To verify the proposed algorithm and the LTC polarization conversion performance of the optimized metasurface, a sample with a size of 240 mm × 240 mm, composed of 30 × 30 cells, is fabricated, as shown in Figure 8a. The measurement setup in the anechoic chamber is presented in Figure 8a,b, which involves the emitting and receiving horns connected by the vector network analyzer to measure the co-polarization and cross-polarization transmission coefficients. In the measurement, the sample is illuminated by the emitting horn, and the transmitted waves are received by the receiving horn. The two horns are 30 cm away from the metasurface sample to be measured. The horn can transmit or receive x- or y-polarized waves by rotating the horn by 90°.

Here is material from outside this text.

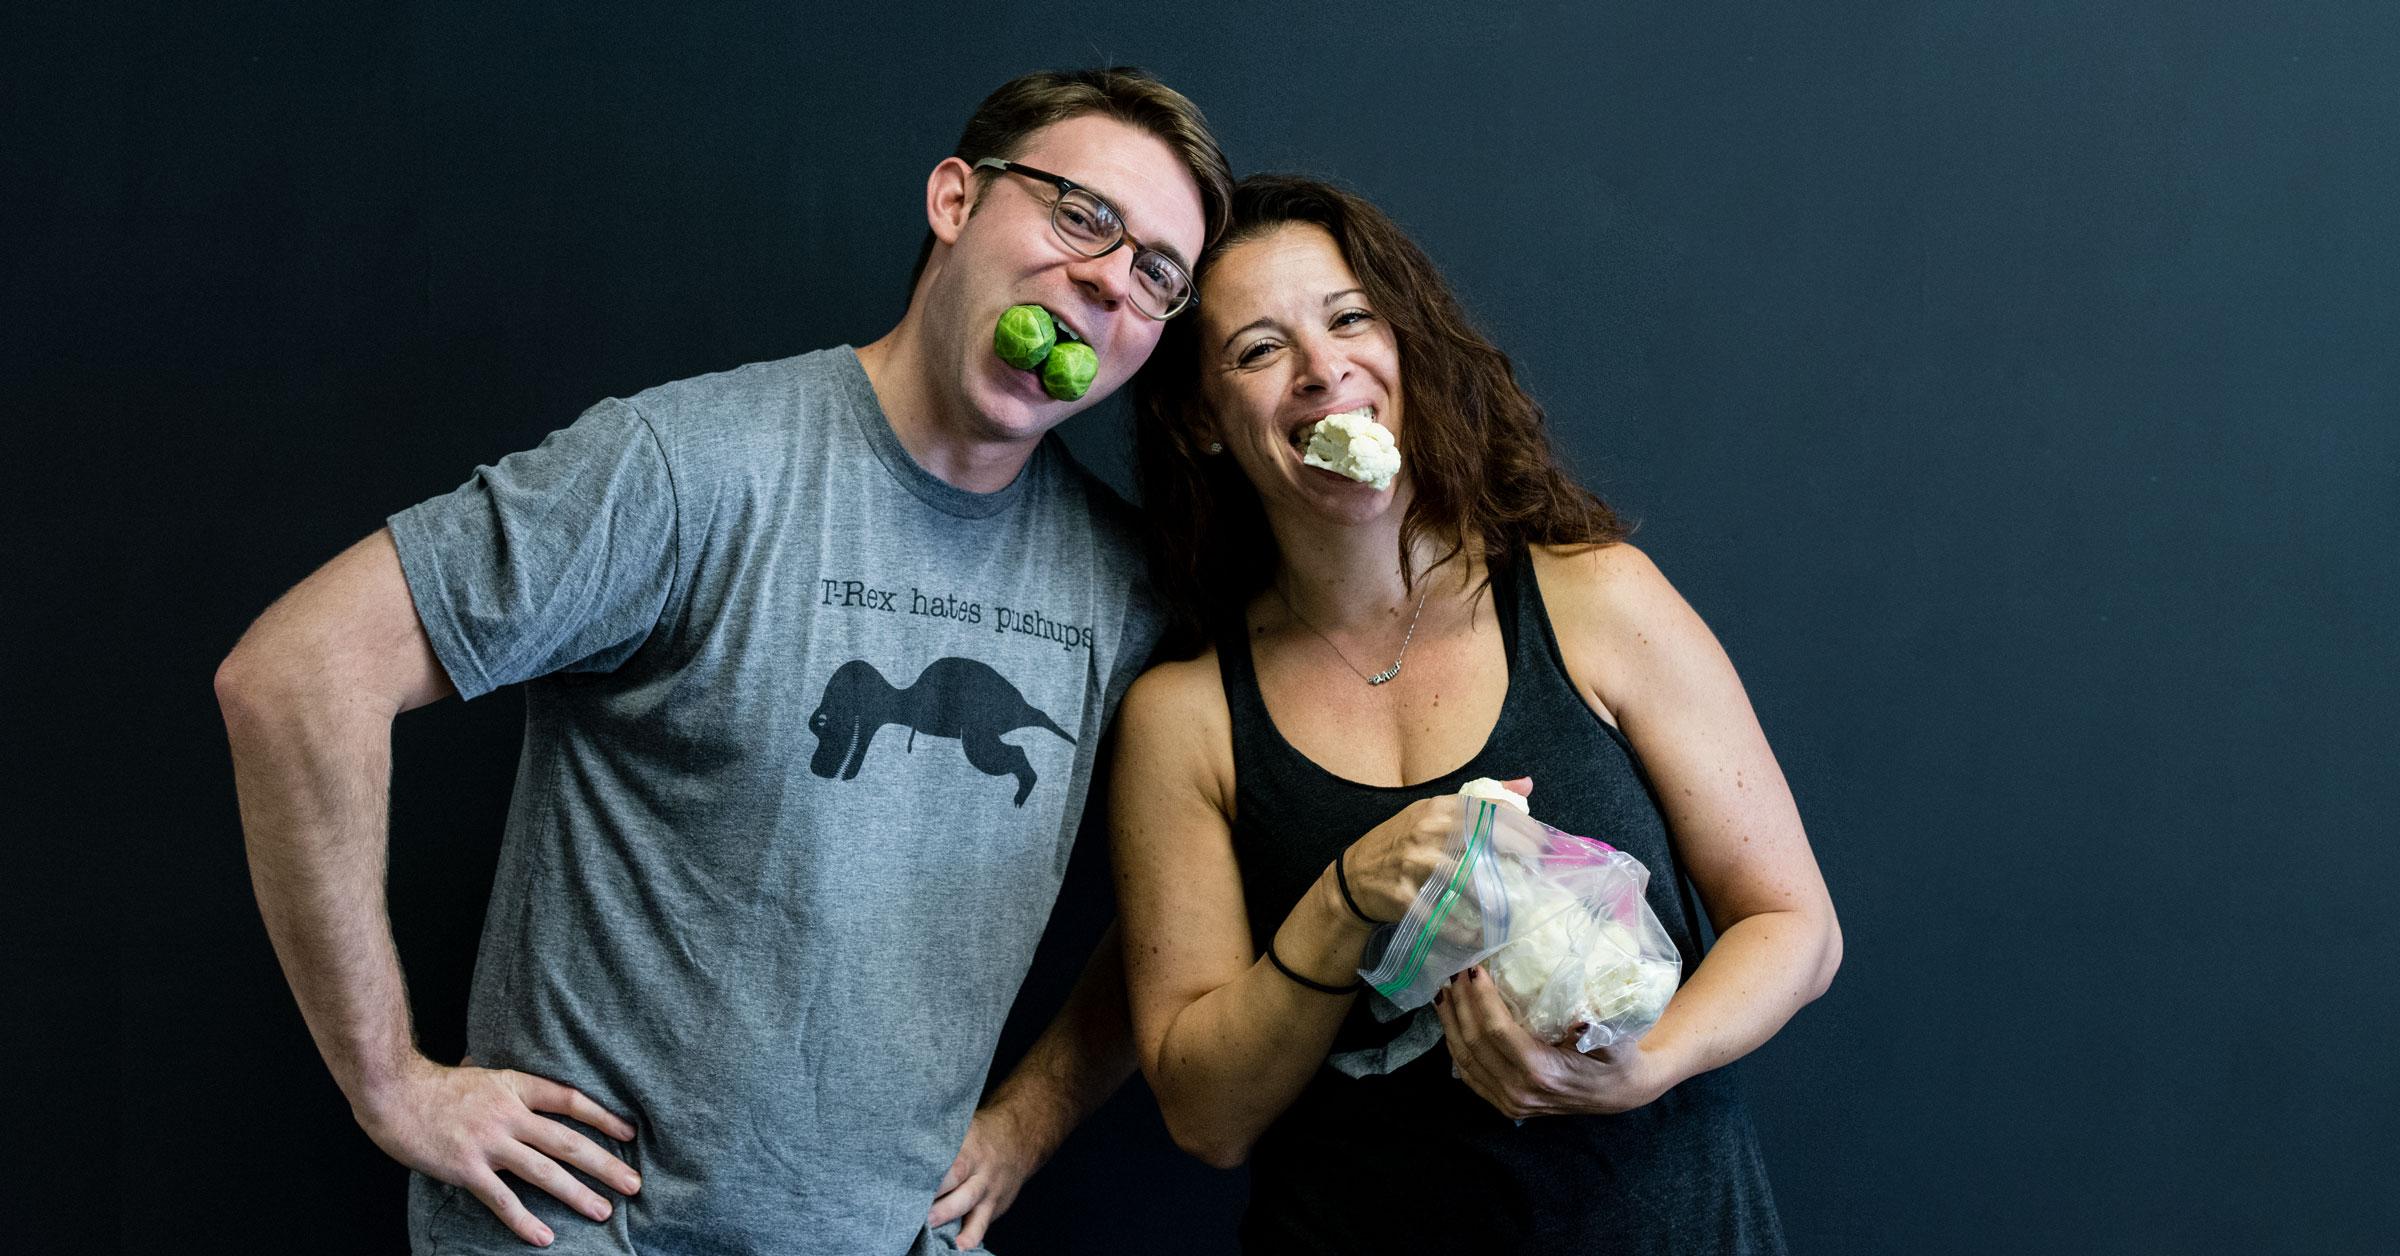 results-driven-Mike-Francine-eating-veggies-facebook-ad.jpg

Then, the measured amplitudes (discrete dots) and phase differences (discrete dots) of co-polarization and cross-polarization transmitted coefficients are given in Figure 3; β/π, axial ratio, and η are further derived and tagged with Exp in Figure 2d,e, which suggest that the measured results are basically identical to the simulated ones tagged with Sim, showing excellent LTC polarization performance in the operating frequency range. It should be noted that the simulated metasurface is an infinitely extended periodic structure, while the measured metasurface is a finite-sized structure, which inevitably introduces errors. In addition, errors may also be introduced during measurement. The results validate the proposed 2DM-EGA method of designing transmissive LTC PCMs.

6. Conclusions

This paper centers on the development of the optimal design for transmissive LTC PCMs. In particular, compared with EGA, the proposed 2DM-EGA is implemented in a 2D pixelated metasurface, involving the impact of mutated pixels on neighboring pixels, and has a faster convergence. Moreover, working together with the designed RFF pertaining to an ellipticity angle β and transmission efficiency η, Python-based 2DM-EGA is utilized to automatically obtain the pixelated metasurface that attains optimal targets. Then, the optimized transmissive metasurface operates in the frequency range of 8.16 GHz to 11.5 GHz with a reduced ellipticity angle β/π ≥ 0.15 and a relative bandwidth of 33.5%, and the measurements are basically identical to the simulations, which exhibit an excellent LTC polarization conversion performance and validate the proposed optimization design method. Moreover, the LTC polarization conversion’s physical mechanisms are discussed. For the optimal design of metasurfaces with different functions, the 2DM-EGA design method remains applicable as long as the fitness function is modified according to the specific function.